Tuesday, September 6, 2016

Installing Python libraries to work with scikit-learn


              I was trying to install scikit-learn and it had the following requirements /dependencies
            
              Python (>= 2.6 or >= 3.3),
                  NumPy (>= 1.6.1),  & SciPy (>= 0.9).

             As per the website, http://scikit-learn.org/stable/install.html they have suggested
             not to install it using yum.  Only option was using pip , but I have run into
             trouble using pip to install  numpy.  The moment I tried to upgrade numpy
             using pip it was  downgrading numpy to 1.1.1
  
                     After googling for a while I found a solution for this problem by using 
                        pip install -I numpy==1.6.1
                        pip install -I scipy==0.9.0

             Next install 'Development Tools' package using yum
                yum group install 'Development Tools' -y
             Last  install scikit-learn using
                   pip install scikit-learn  


 

Thursday, February 18, 2016

Changing the Database used by Oozie


      


Recently I was working with a customer when we noticed that the Derby Database 
used by oozie was corrupted . The option was to reinstall Derby. As this was a production system, we   have asked them to move to install the oozie schema on the existing MySQL Database,
which is also used by hive


Following are the steps to do that:

1. Remove the Oozie  using the REST API's first stop this  service using

curl -u admin:admin -H "X-Requested-By: ambari" -X PUT -d '{"RequestInfo":{"context":"Stop Service"},"Body":{"ServiceInfo":{"state":"INSTALLD"}}}' http://biginsights40.ibm.com:8080/api/v1/clusters/BI41/services/OOZIE


2. To remove the service run

[root@bdsup006 ~]# curl -u admin:admin -H "X-Requested-By: ambari" -X DELETE http://biginsights40.ibm.com:8080/api/v1/clusters/BI41/services/OOZIE

** substitute biginsights40.ibm.com with the Ambari Server name (FQDN) and
BI41 – with the cluster name 


3. Go back to Ambari web console, logout and log in again, verify that Oozie Service is removed.

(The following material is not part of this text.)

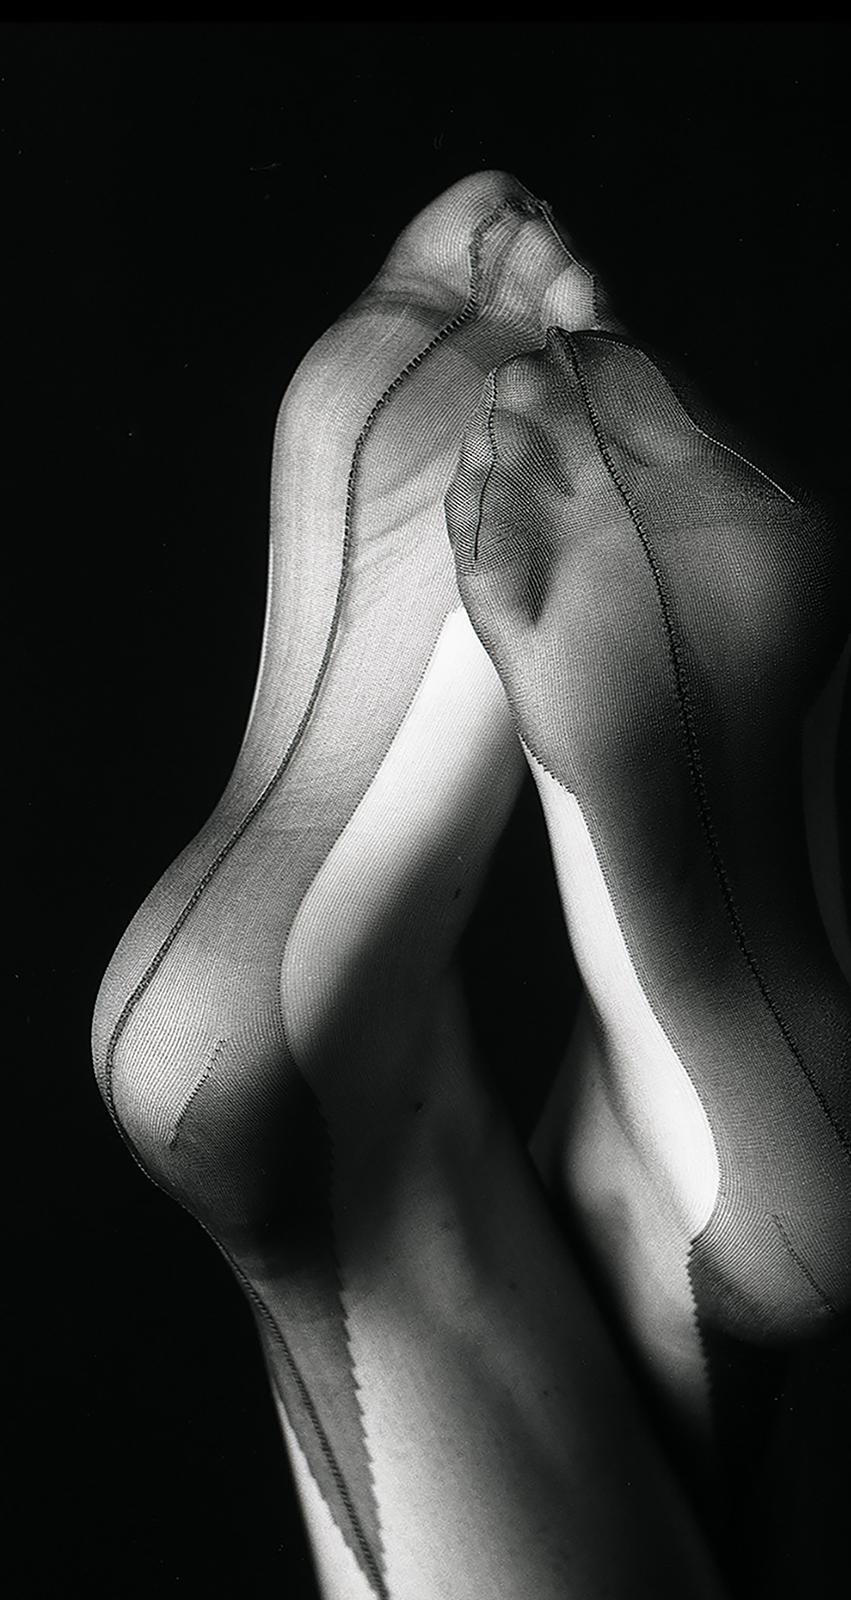 Put Your Feet Up - Impression de natures mortes en édition limitée signée, mannequin sexy  - Photograph de Geoff Halpin

4. To add the Oozie Servie back with MySQL Server as the database, use the following steps 
   

     a. Click Actions Button at the bottom of the Ambari screen and select Add Services

 
   b.Select Oozie Service, to be added, select the master node and click to install oozie 'client' 
      on all the nodes. Click Next. 

  c. In the next page, when prompted to select the database, select existing MySQL Database 
     as the preferred database for Oozie. You see the following message, once MySQL is selected.
     
        

     Run the following on the machine where ambari-server service is running
      ambari-server setup --jdbc-db=mysql –jdbc-driver=/usr/share/java/mysql-connector-java.jar

 d. Now we need to create the schema that is required for Oozie
  

    
   ssh to the machine where MySQL Server is installed , connect to the database and r
   run the following commands

    [root@biginsights40 ~]# mysql
    Welcome to the MySQL monitor. Commands end with ; or \g.
    Your MySQL connection id is 16
    Server version: 5.1.73 Source distribution

    Copyright (c) 2000, 2013, Oracle and/or its affiliates. All rights reserved.
   Oracle is a registered trademark of Oracle Corporation and/or its
   affiliates. Other names may be trademarks of their respective owners.

    Type 'help;' or '\h' for help. Type '\c' to clear the current input statement.

    mysql> create database oozie;
    mysql> CREATE USER 'oozie'@'%' IDENTIFIED BY 'oozie';
    mysql> CREATE USER 'oozie'@'localhost' IDENTIFIED BY 'oozie';
    mysql> CREATE USER 'oozie'@'biginsights40.ibm.com' IDENTIFIED BY 'oozie';
    mysql> GRANT ALL PRIVILEGES ON *.* TO 'oozie'@'%';
    mysql> GRANT ALL PRIVILEGES ON *.* TO 'oozie'@'localhost';
    mysql> GRANT ALL PRIVILEGES ON *.* TO 'oozie'@'biginsights40.ibm.com';

    Replace biginsights40.ibm.com with the machine name from your cluster where MySQL is setup.

    Now  click on the Test Connection to verify that you are able to connect to newly
    created oozie database. 
   

  
    Click Next Button and complete the component install.
    It is possible at the end, you might see an incomplete status for the component configuration.

   This is expected, and needs to be addressed. Click OK and continue forward to 
    complete the installation.

   Login back to Ambari web console , select MAPREDUCE Component STOP 
   and START the service. This is the reason why incomplete status is shown in the previous step.

   After this the cluster should be working normally.